1
votes

DATA:

Assume the following data format (with a header line in the first row, 500+ rows):

Number, Number, Number, String, String, Number, Number, Number, String, Number, Number, Number

Example: 1,0,3,"Braund, Mr. Owen Harris",male,22,1,0,A/5 21171,7.25,C85,S

MY CODE:

Ignoring the columns 4, 9, 11 and 12(index starting from 1).

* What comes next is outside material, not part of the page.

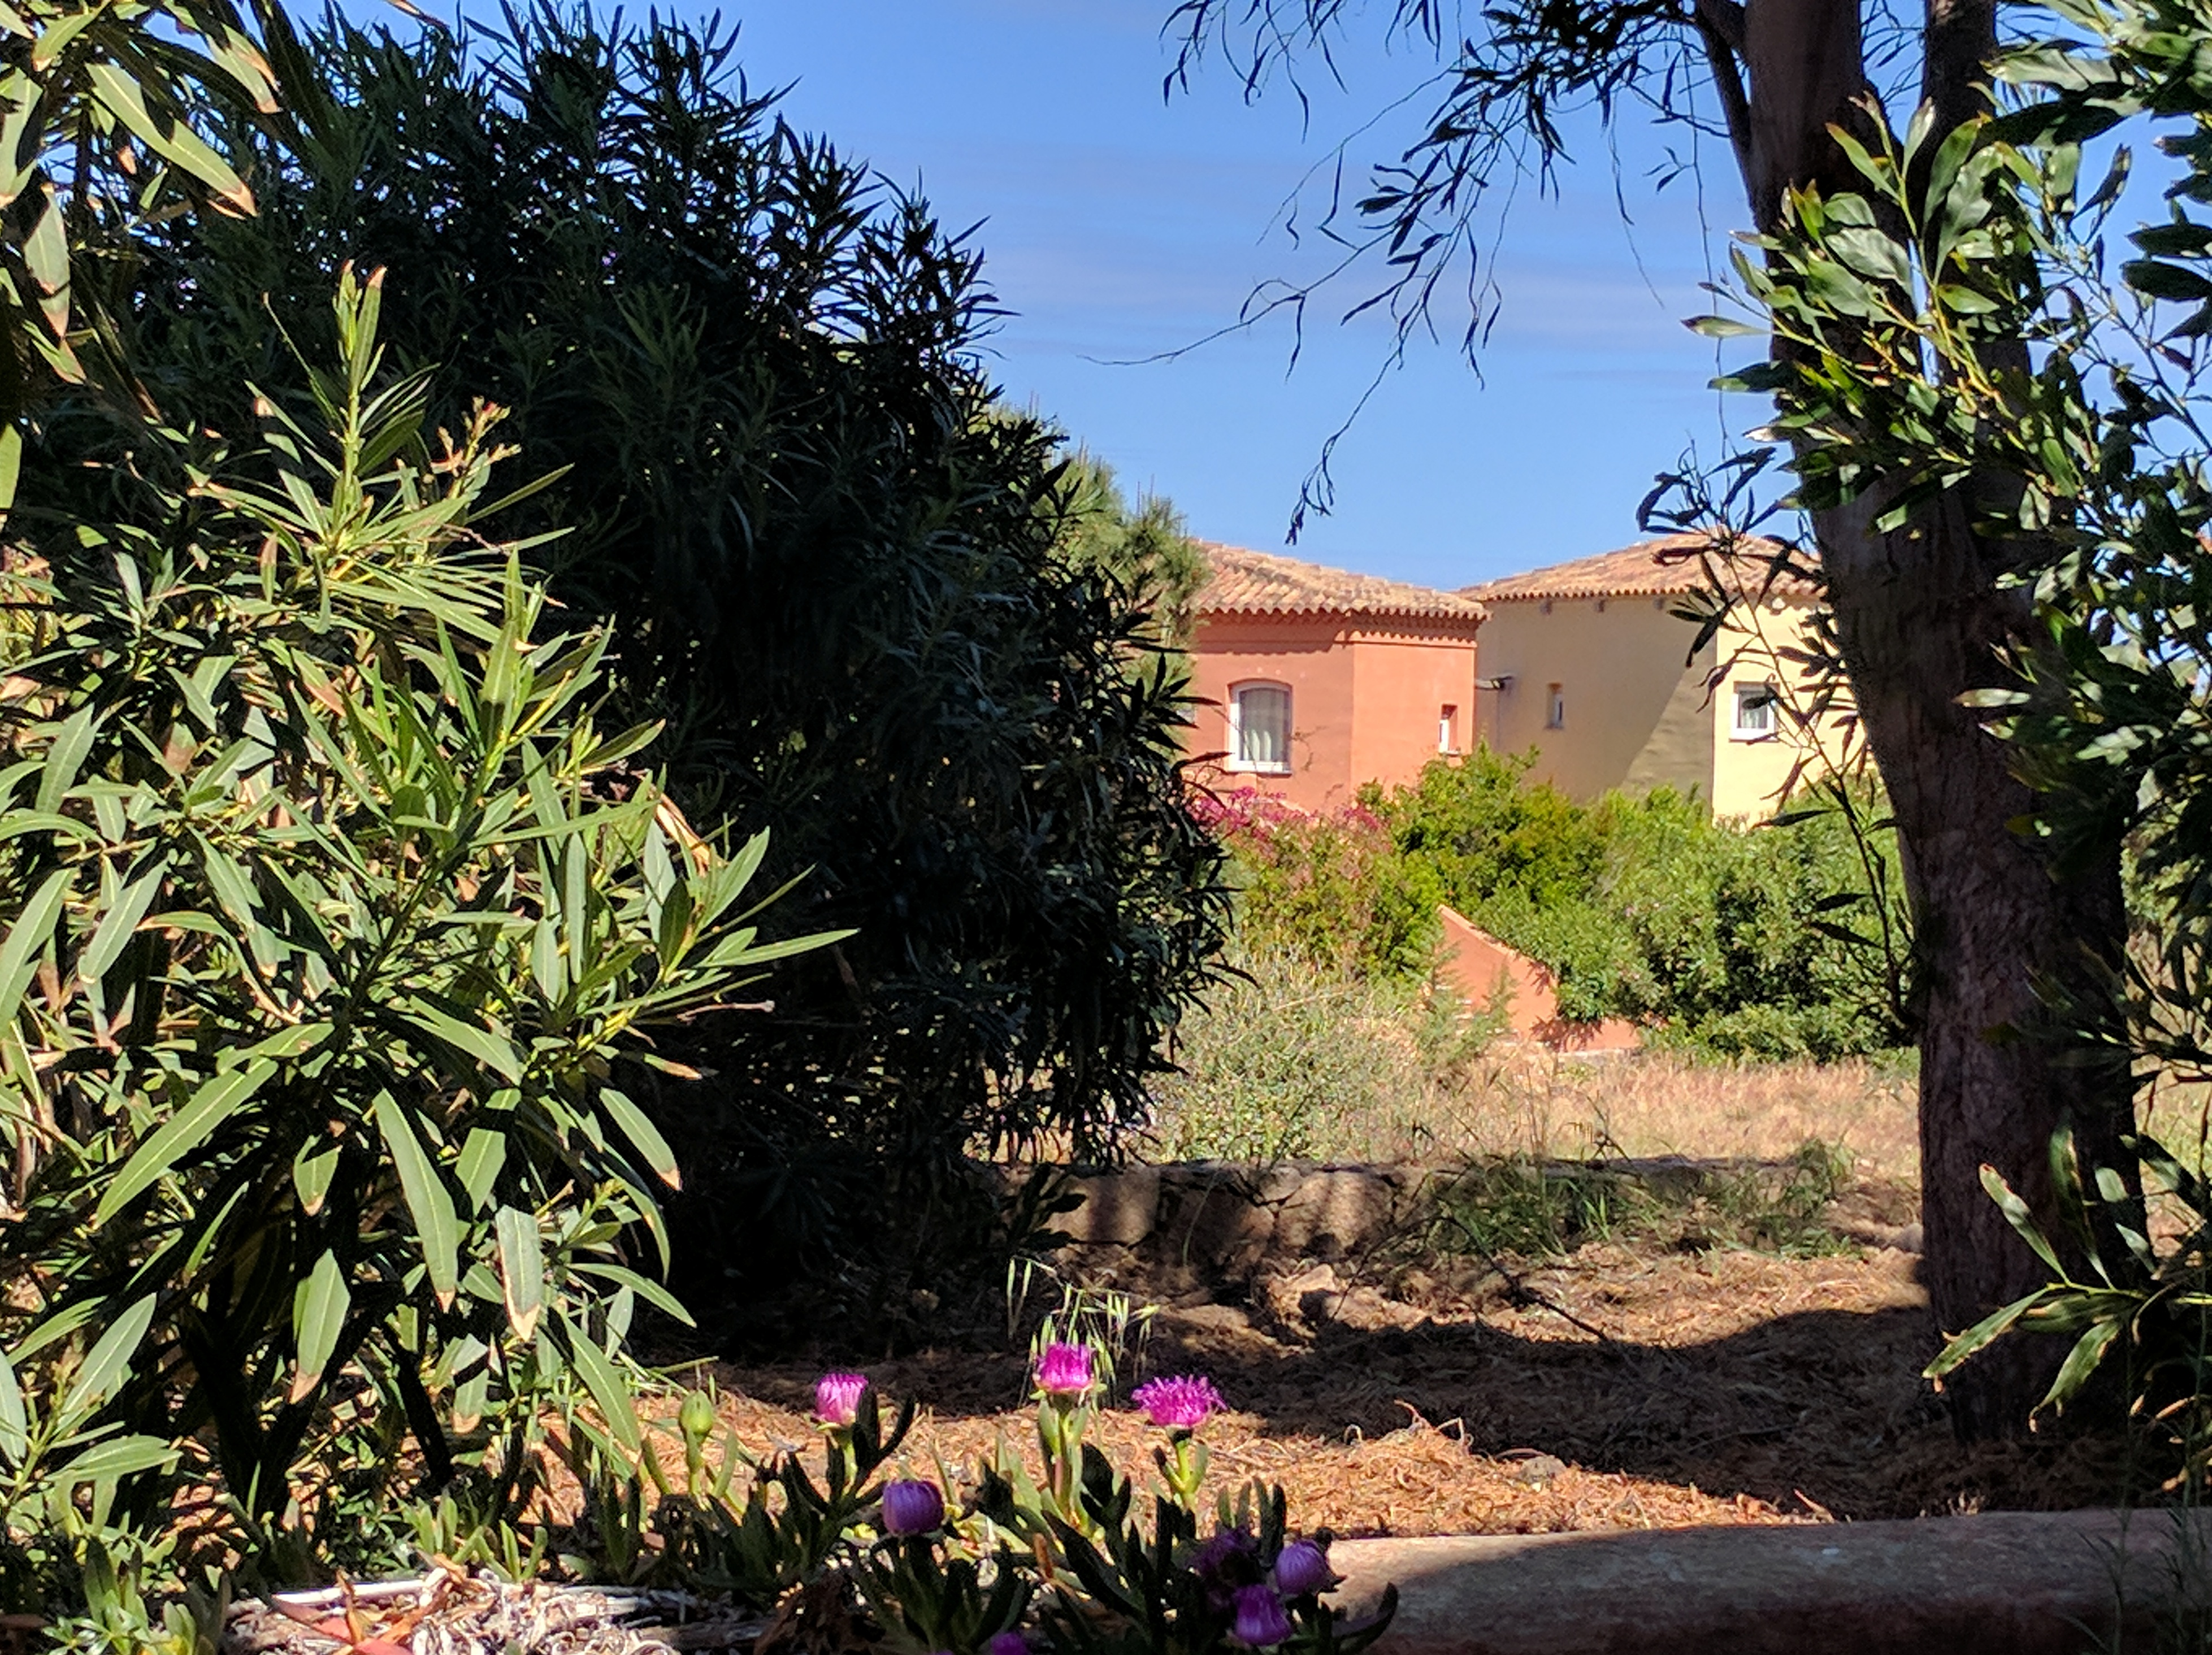 Ferienwohnung Cottage-Apartment On The Coast Surrounded By Unspoilt Nature (2230692), Canneddi, Olbia-Tempio, Sardinien, Italien, Bild 5

[A, B, C, D, E, F, G, H] = textread("train.csv","%d %d %d %*q %s %d %d %d %*s %*s %f %*s %*s","delimiter",",","endofline","\n","headerlines","1");

THE ERROR:

error: invalid conversion from string to real scalar
error: fskipl: invalid number of lines specified
error: called from:
error:   /usr/share/octave/3.6.4/m/io/textread.m at line 71, column 5

I am new to octave and unable to understand the cause of the error. Please guide.

1
...,"headerlines","1") should probably be ...,"headerlines",1) - erikced
That's right. Though the FORMAT is a little messed up. Using %q gives an error: strread: A(I): index out of bounds; value 1 out of bound 0 - dmkathayat

1 Answers

2
votes

Except for the issue with headerlines mentioned above, you have got 13 conversion specifications but only 12 columns, column 9 should correspond to one %*s, not two. If I change the format string to

%d %d %d %*q %s %d %d %d %*s %f %*s %*s

parsing a small sample file works as expected in Matlab.